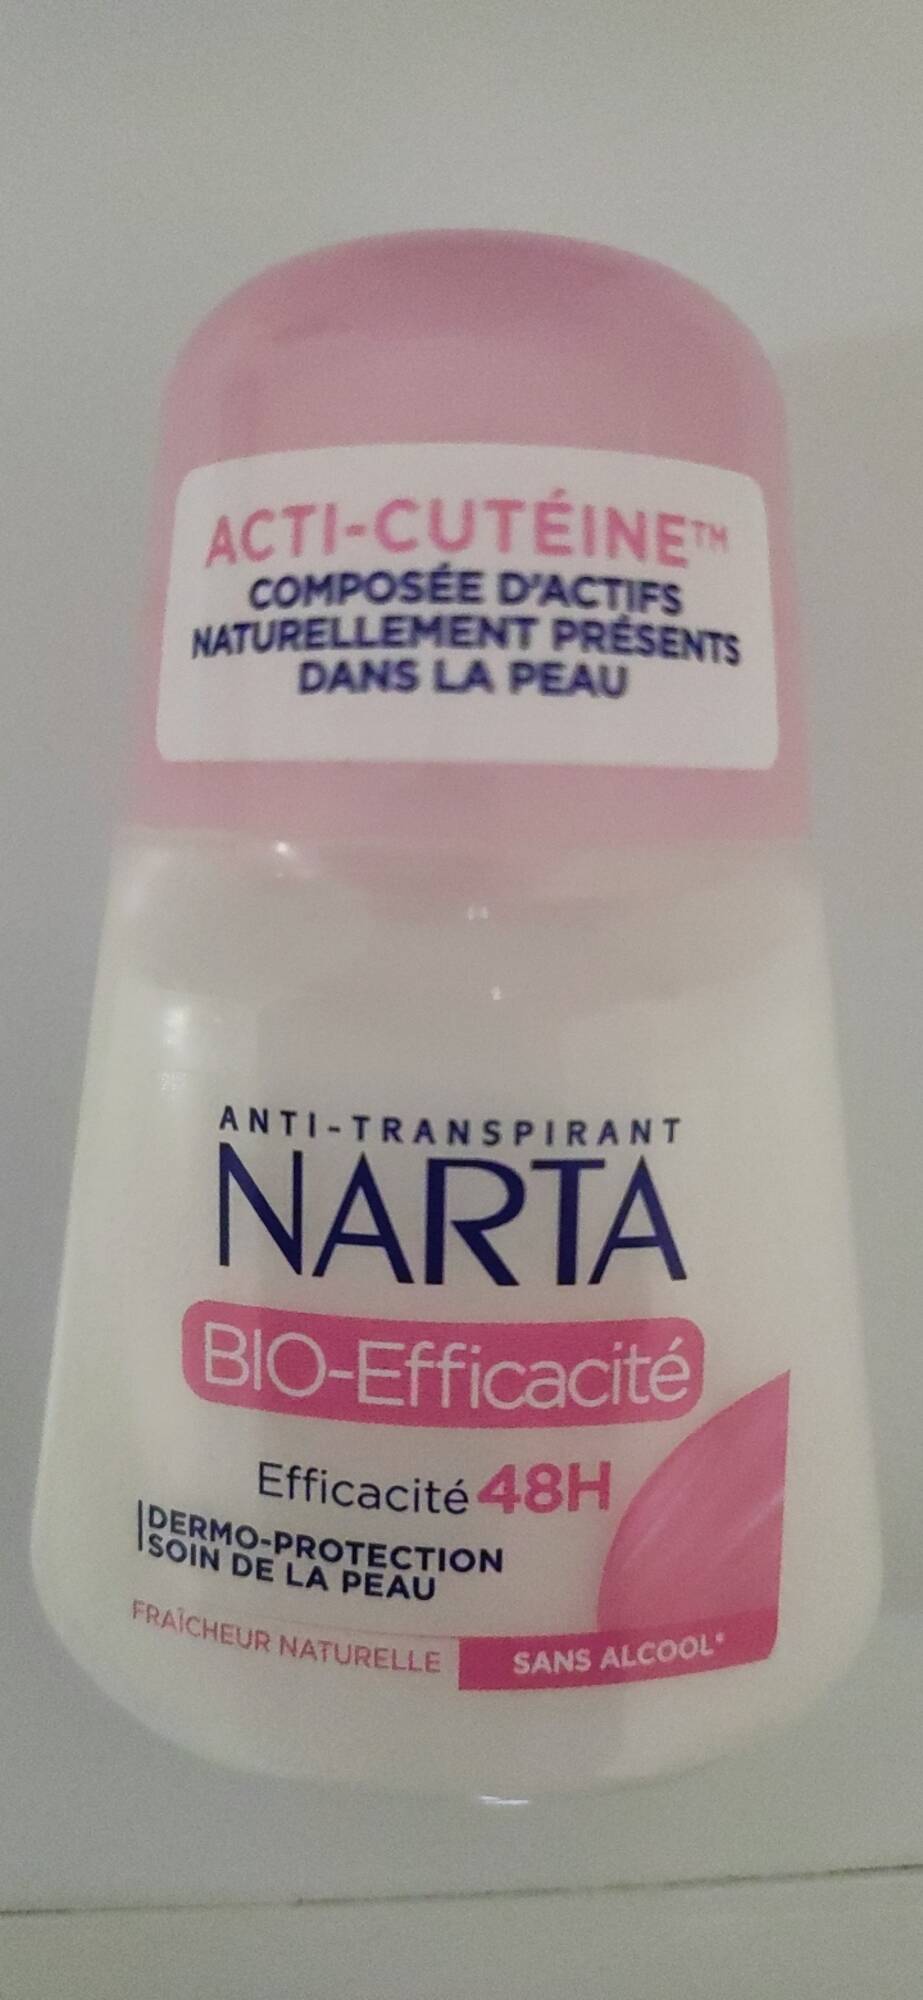 NARTA - Bio efficacité - Acti-cutéine anti-transpirant 48h
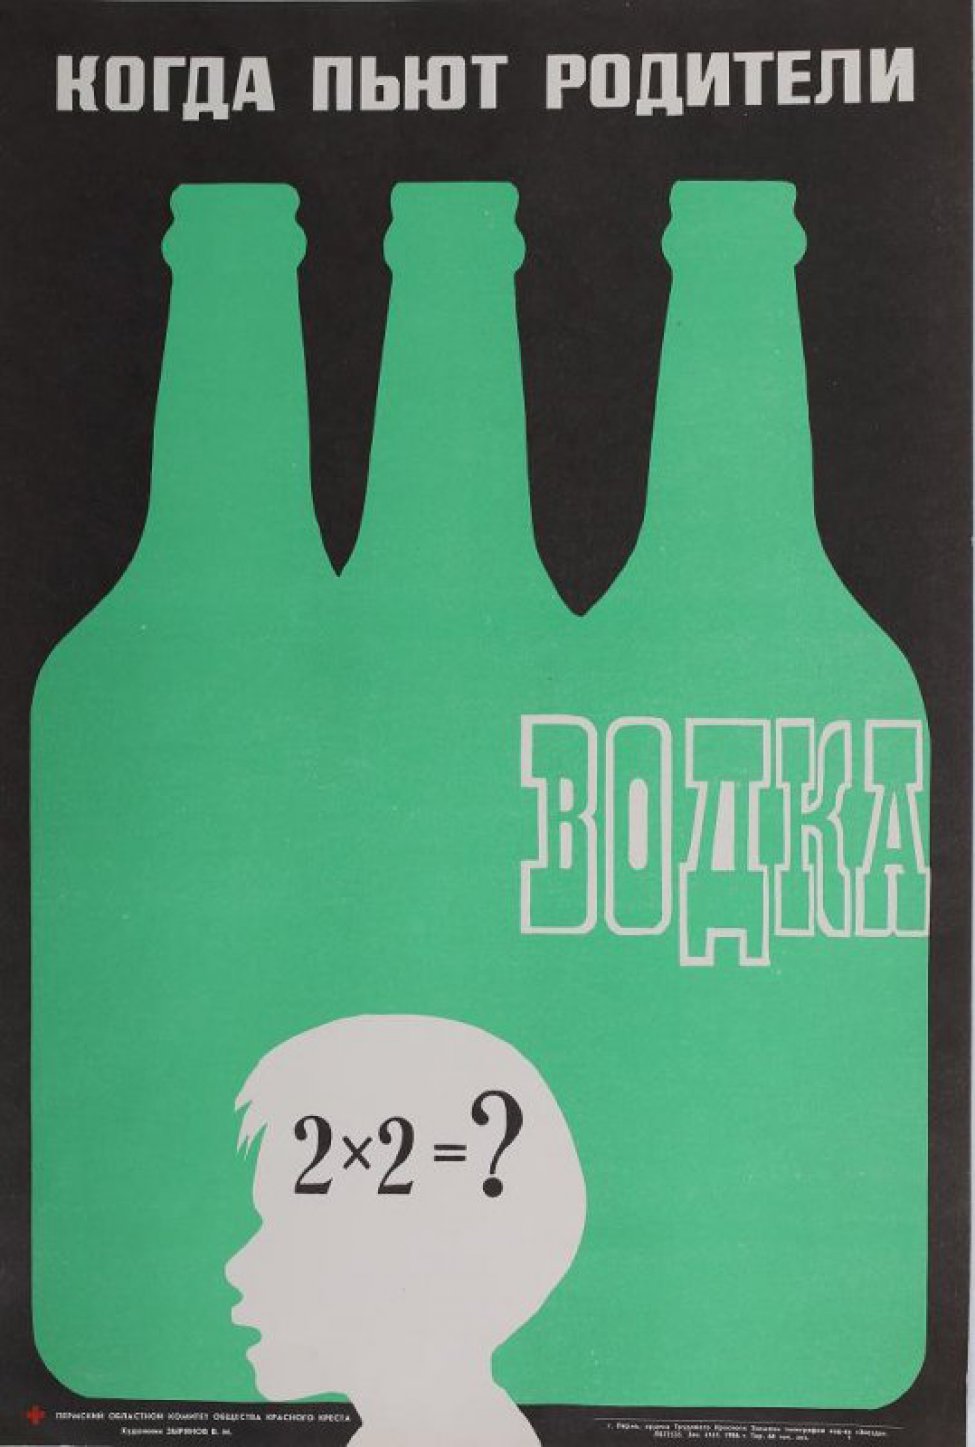 На черном фоне изображены три зеленые бутылки с надписью «Водка». По нижнему полю посередине - силуэтное профильное изображение головы ребенка с открытым ртом. По верхнему полю шрифтовая композиция: «Когда пьют родители».
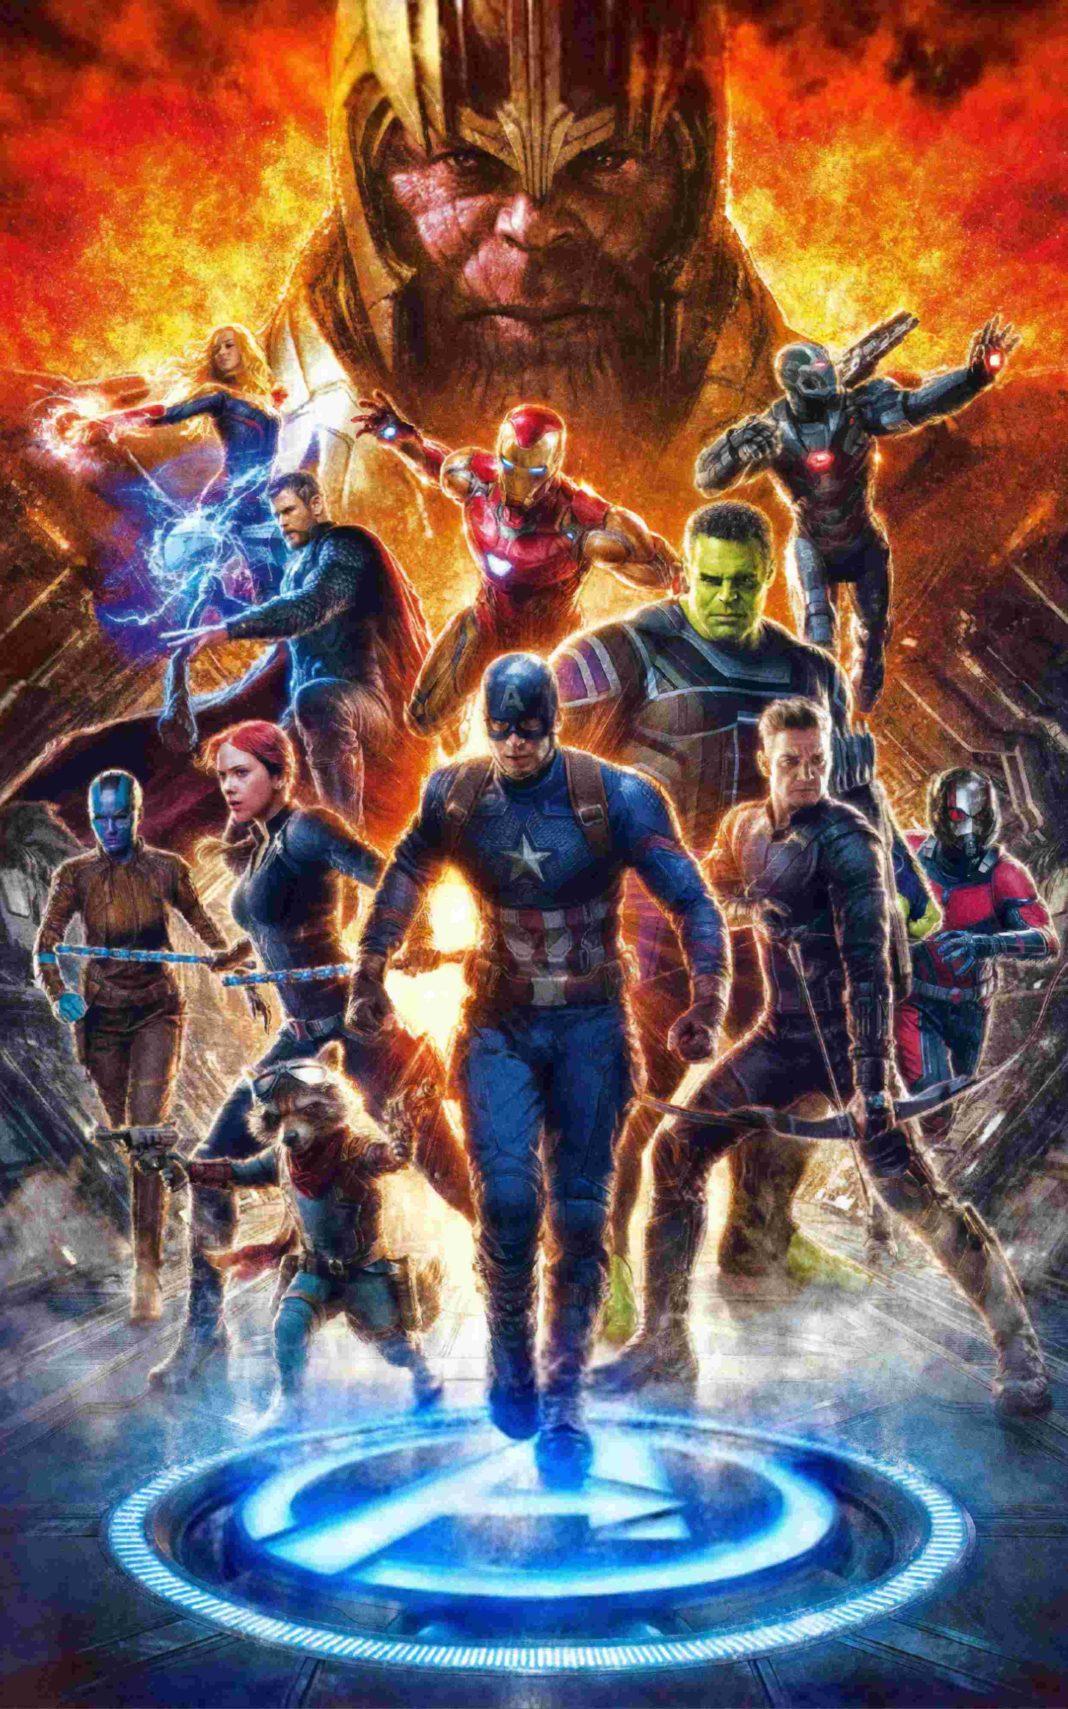 Avengers Endgame Wallpaper 4K. Avengers 4 Image 2019

EXERCISE REQUIREMENTS: Print, exactly as written, the lines above from the first one to the one containing "На черном фоне". Leave out pictures.

SOLUTION FOR THIS TASK:
 NARTA - Bio efficacité - Acti-cutéine anti-transpirant 48h
 На черном фоне изображены три зеленые бутылки с надписью «Водка». По нижнему полю посередине - силуэтное профильное изображение головы ребенка с открытым ртом. По верхнему полю шрифтовая композиция: «Когда пьют родители».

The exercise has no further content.